## EXERCISE
Every line of the data below is to be given again as it appears, with the images removed.

## DATA EXCERPT

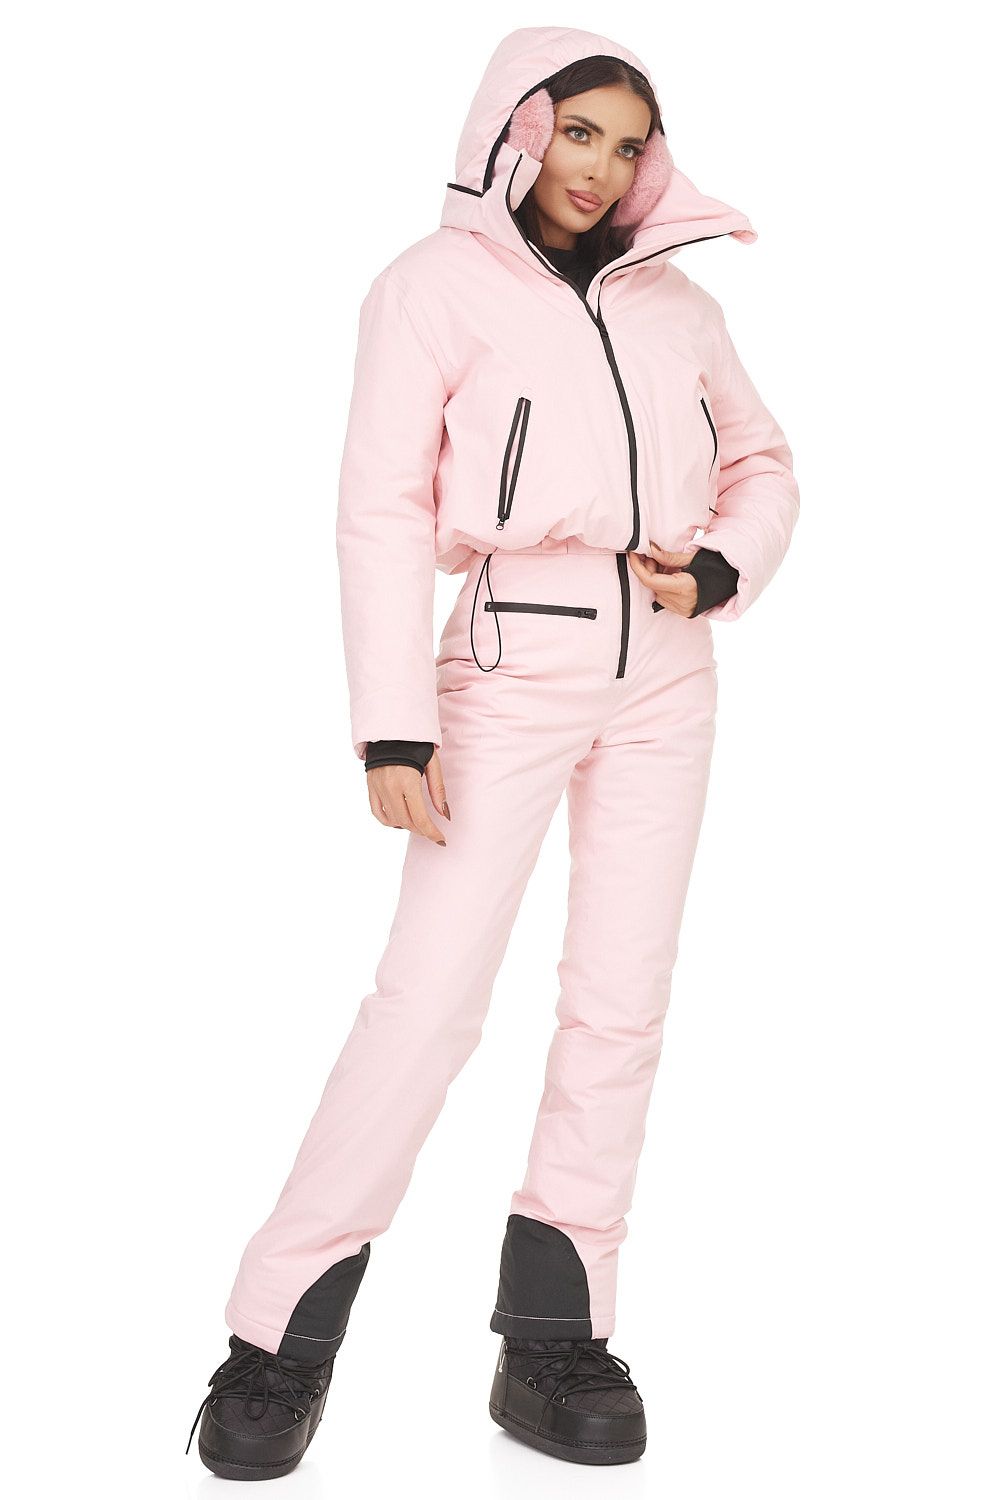 Costum ski casual roz Reasia Bogas
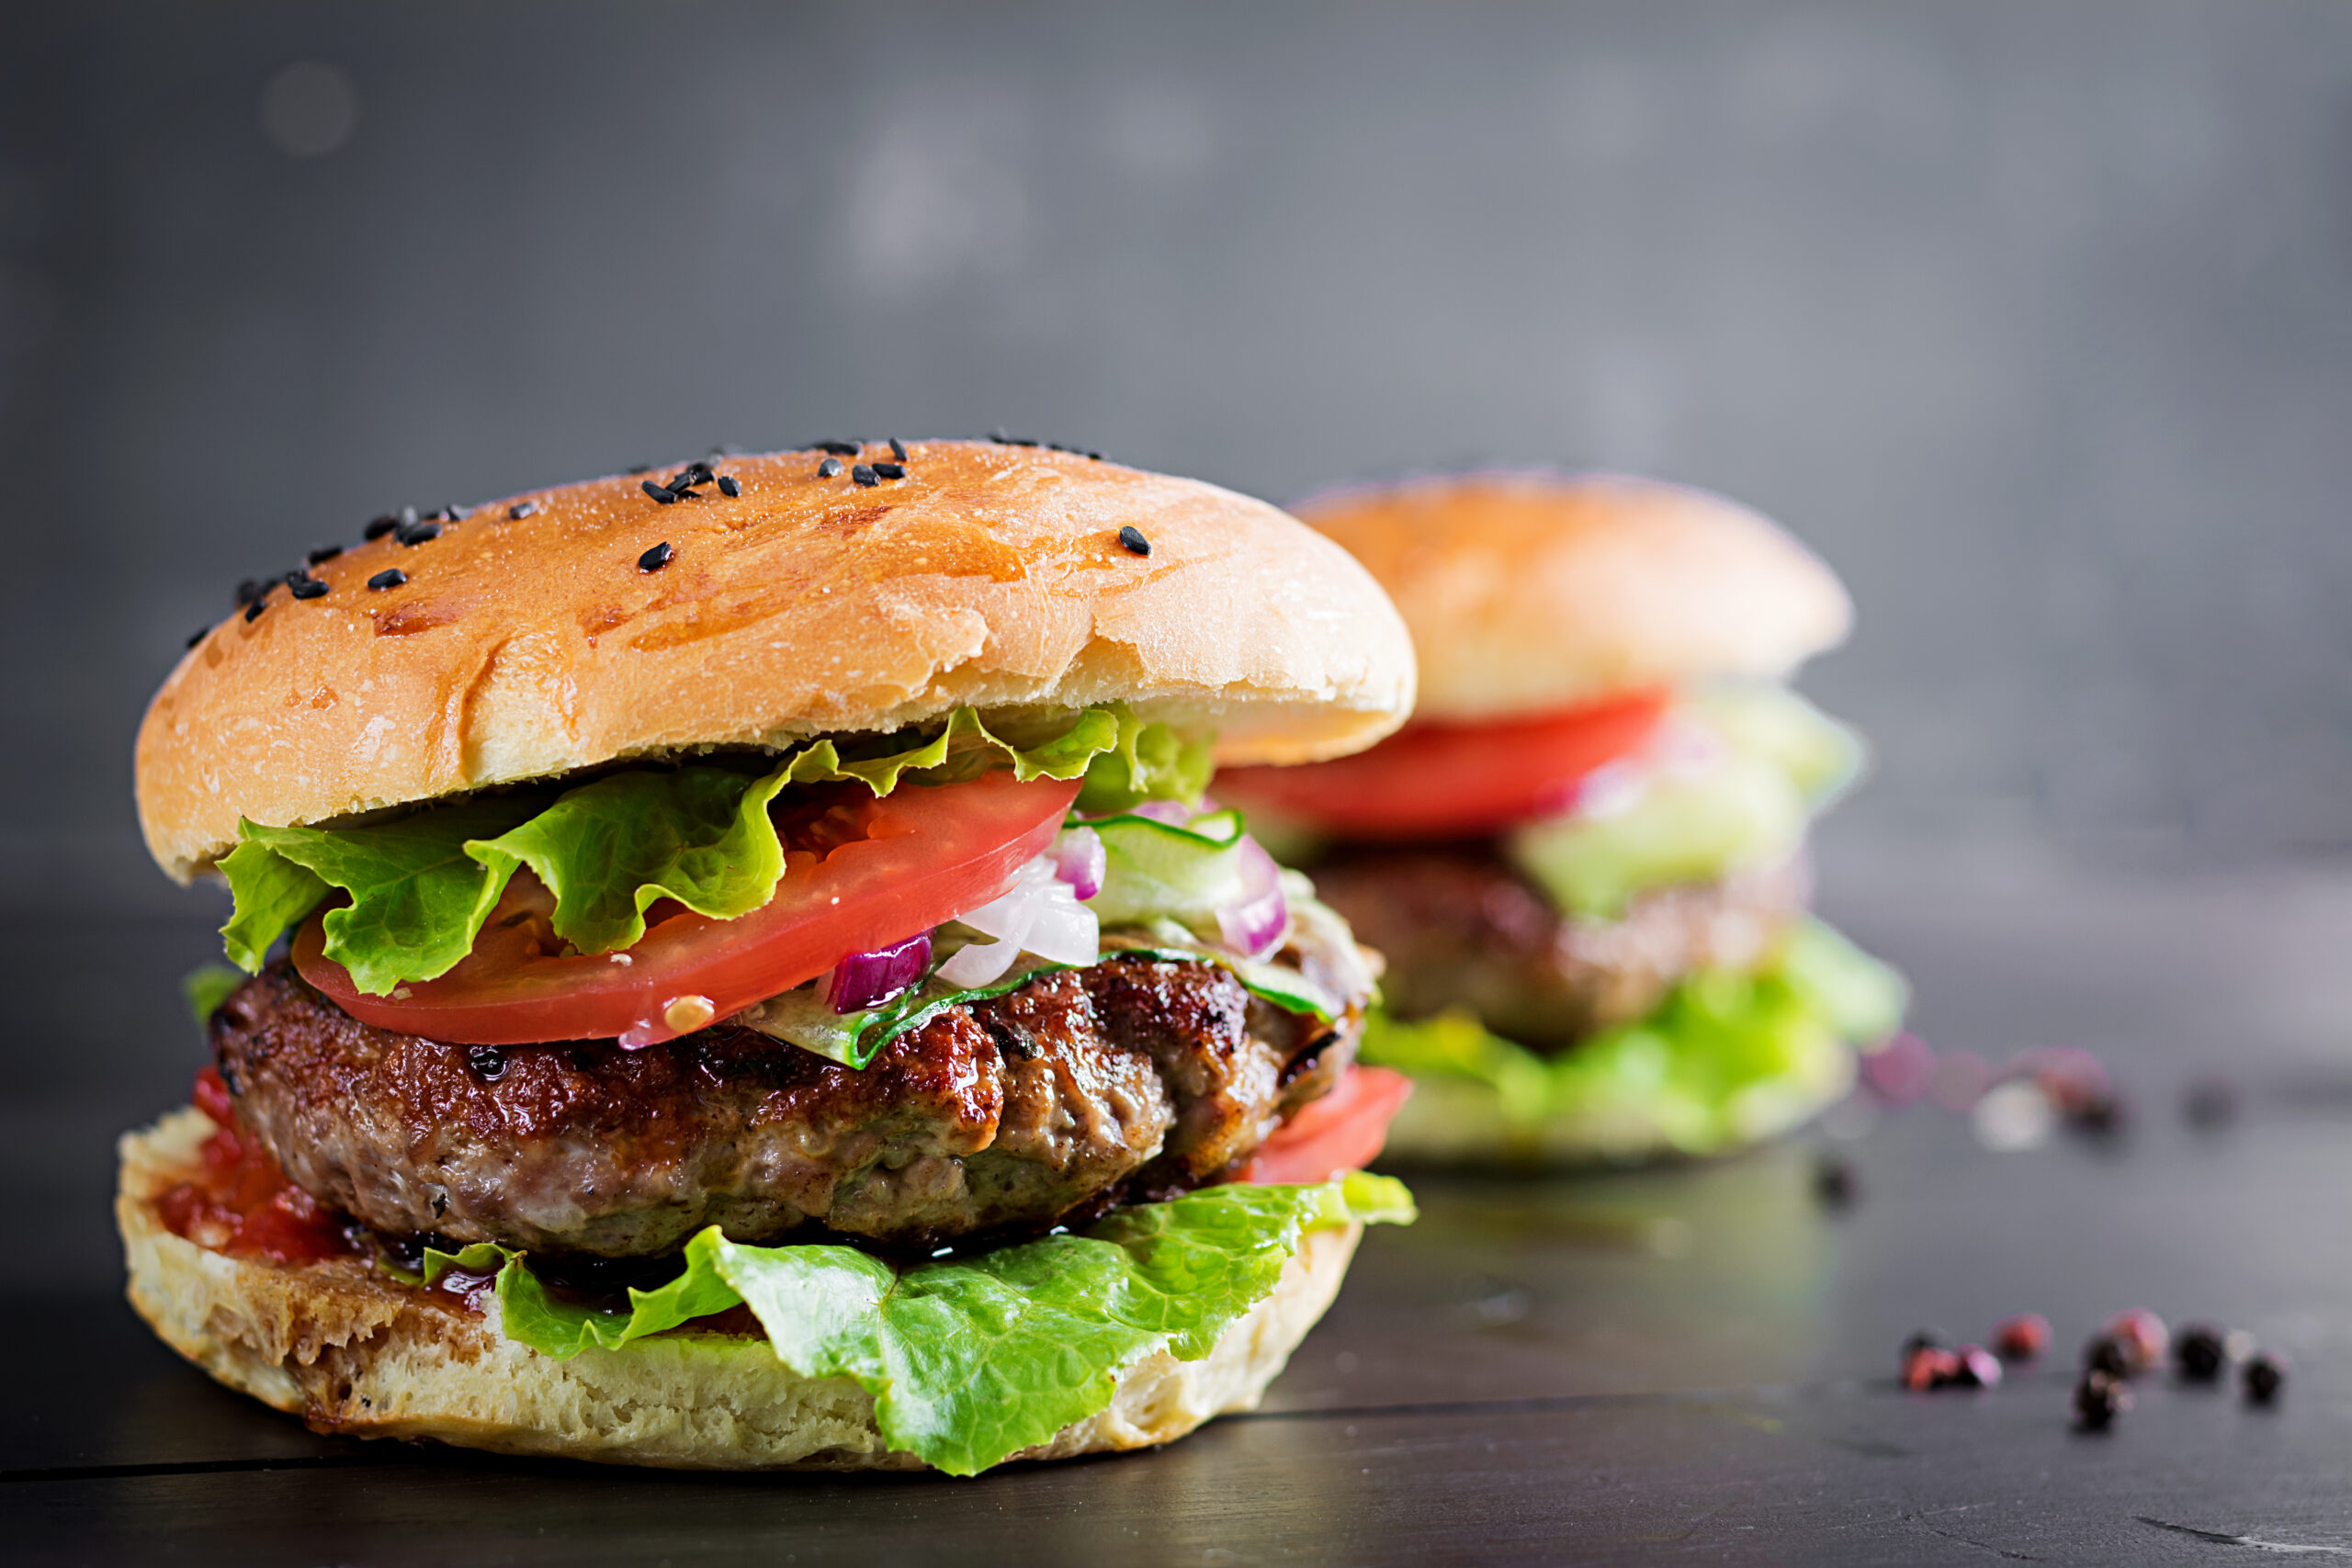 Enjoy a Classic Juicy Beef Burger at Home - pakistanfoodportal.com
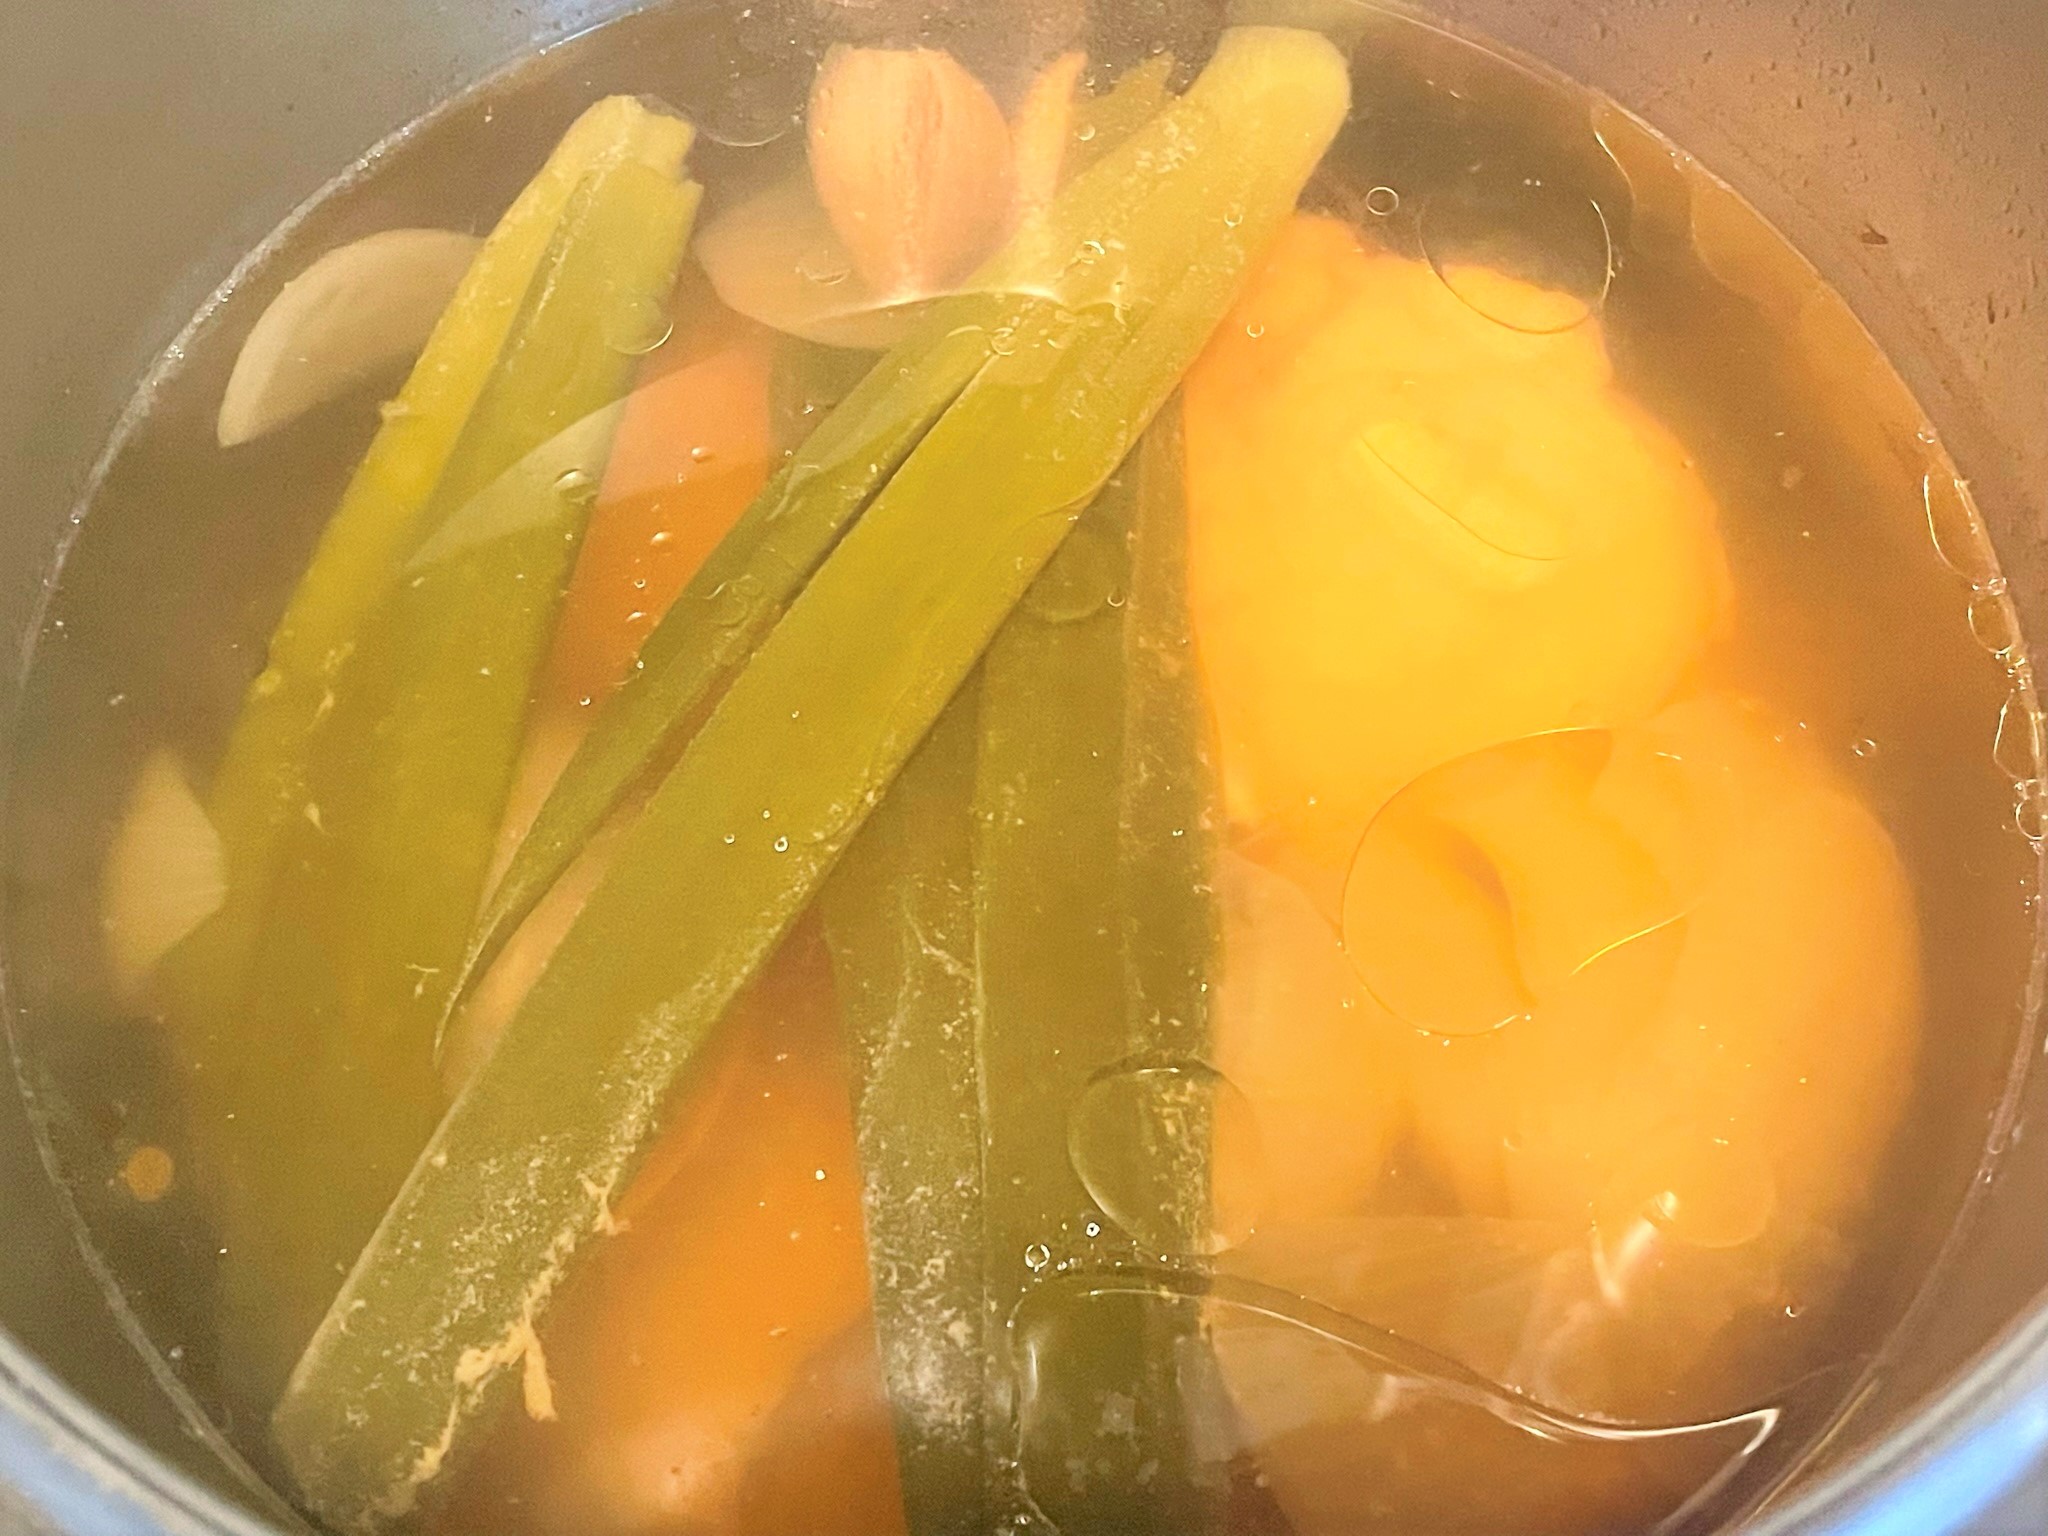 福井県産のお米"越穂"を使ったフォータイプの麺をお取り寄せしてみました！

## TASK RESULT
 Costum ski casual roz Reasia Bogas
 Enjoy a Classic Juicy Beef Burger at Home - pakistanfoodportal.com
 福井県産のお米"越穂"を使ったフォータイプの麺をお取り寄せしてみました！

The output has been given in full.